Miguel Evangelista Regis, que assistiu a peça e disse ser fã do trabalho de Plínio Marcos, criticou as pessoas que hoje em dia defendem a volta da ditadura e ressaltou a qualidade das peças trazidas para Itatiba. "Eu sempre que posso venho, já estou acostumado a passar pelo Museu e buscar meu ingresso. Só ano passado assisti mais de 15 espetáculos aqui. Itatiba está de parabéns pela quantidade e também qualidade das peças", ressaltou.

 

Meire Melo e Marco Antonio Marianno entusiastas da arte teatral e também atores deram suas opiniões mais técnicas sobre do espetáculo. "O trabalho de concepção de cenário e iluminação são maravilhosos, nada óbvios e nos leva a sentir o confinamento pessoal das personagens", comentou Meire. O namorado Marco complementou: "as soluções realmente foram inovadoras, com cenas criativas e introduções de recursos cênicos impressionantes".

Após a apresentação, as atrizes Fernanda Viacava, Isadora Ferrite, que interpretaram as prostitutas Dilma e Célia, conversaram com o público sobre a temática do texto e elogiaram a ocupação maciça das poltronas do teatro, além do incentivo da Prefeitura.

"Fico arrepiada em dizer a vocês como é pra gente, ao acender as luzes no final do espetáculo, ver a casa cheia! Ainda mais em um teatro tão bonito e num domingo a noite, no interior! É muito especial percebermos que existe esse incentivo por parte do governo municipal fora da capital.O Circuito Cultural Paulista vem cumprindo um ótimo papel levando teatro para todo o estado. Peço que conheçam o que acontece em São Paulo, mas façam teatro aqui, apoiem grupos da cidade, prestigiem, é muito importante esse movimento", incentivou Isadora.

Maria Cecília Cyrino Moreira, diretora da Companhia Teatral Mensageiros da Arte, de Itatiba, elogiou não só a montagem e a atuação do elenco, mas também a iniciativa dos atores conversarem com a plateia ao final do espetáculo.

"Realmente esse incentivo é muito importante. Geralmente nós, atores locais, temos outras profissões e não podemos nos agarrar a horas e horas diárias de ensaio. Acabamos montando todo espetáculo em finais de semana e ainda temos que cuidar de cenário e figurino. É todo um trabalho de bastidores que quem assiste nem imagina! Felizmente as mais de vinte vezes que nosso grupo se apresentou aqui na cidade foram todas com público lotado! É muito gostoso ter o carinho das pessoas que conhecem e incentivam nossa arte'', disse, convidando para os próximos dias de apresentação da peça de sua autoria 'O Príncipe das Maçonaria', texto bem humorado que ganhará vida nos palcos do Teatro Ralino Zambotto nos dias 4 e 5 de abril.

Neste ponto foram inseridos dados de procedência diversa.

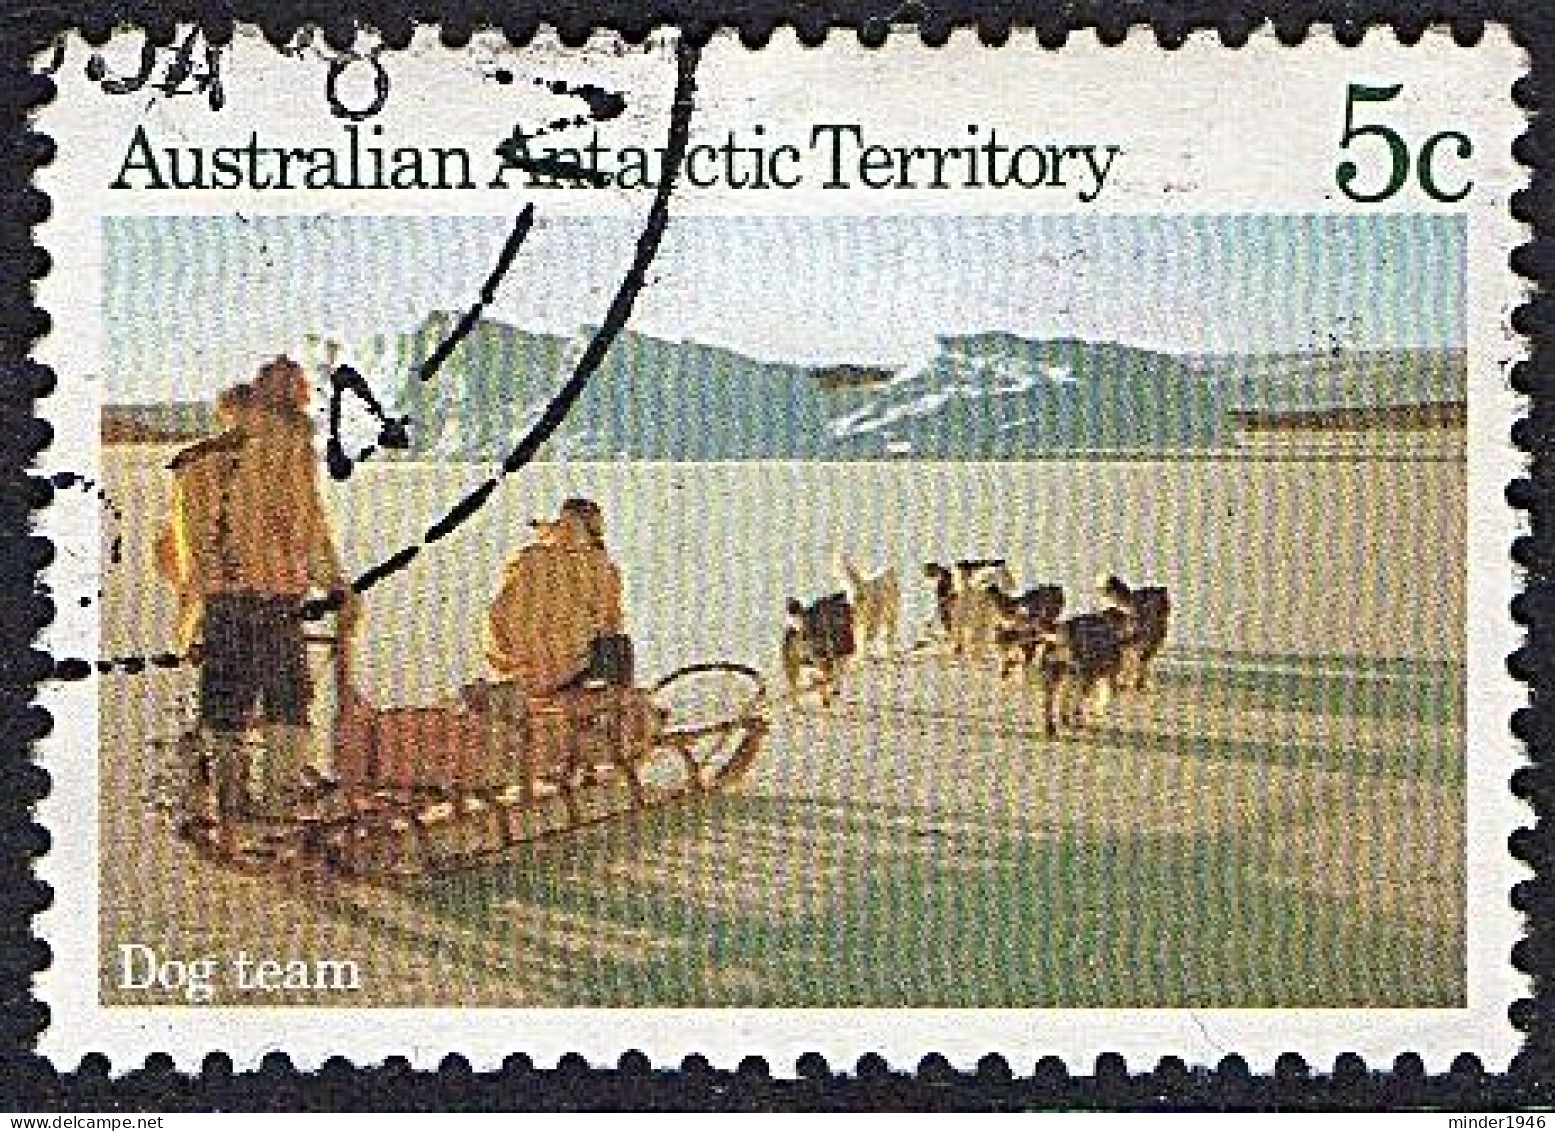 AUSTRALIAN ANTARCTIC TERRITORY (AAT) 1984 QEII 5c Multicoloured, Scenes-Dog Team SG64 FU - Gebraucht

Abajur Lilás, uma metáfora sobre a ditadura

'Abajur Lilás', foi remontado em 2014 pela Companhia Triptal dirigida pelo ator e diretor André Garolli, como marco aos 15 anos da morte do autor Plínio Marcos e os 50 anos do início da Ditadura Militar no Brasil, evento que é tratado em forma de metáfora. O cenário é um prostíbulo, que representa a sociedade da época, onde vítimas do autoritarismo do cafetão Giro, as prostitutas Dilma, Célia e Leninha, na sua insubmissão, encarnam diferentes forças atuantes, correspondentes aos diferentes grupos sociais que eram subjugados ao duro período de ditadura. Um ambiente onde os jogos de poder e os conflitos de interesses podem reduzir o valor da vida a menos que um abajur lilás.

Violência contra a mulher

Ainda que funcione como uma alegoria da sociedade, o espetáculo também está inserido em um nível mais pessoal, mostrando que a violência contra a mulher é reflexo de uma violência mais abrangente. Assim, Abajur Lilás faz parte da campanha ‘Itatiba em Defesa da Mulher, Contra a Violência', uma mobilização proposta pelo Fundo Social de Solidariedade da Prefeitura de Itatiba neste mês de março, considerado o mês da Mulher, que visa a conscientização da comunidade sobre este tema tabu.

A apresentação faz parte do Circuito Cultural Paulista, uma realização da Secretaria de Estado da Cultura em parceria com a Prefeitura de Itatiba e coprodução da Associação Paulista dos Amigos da Arte - APPAA.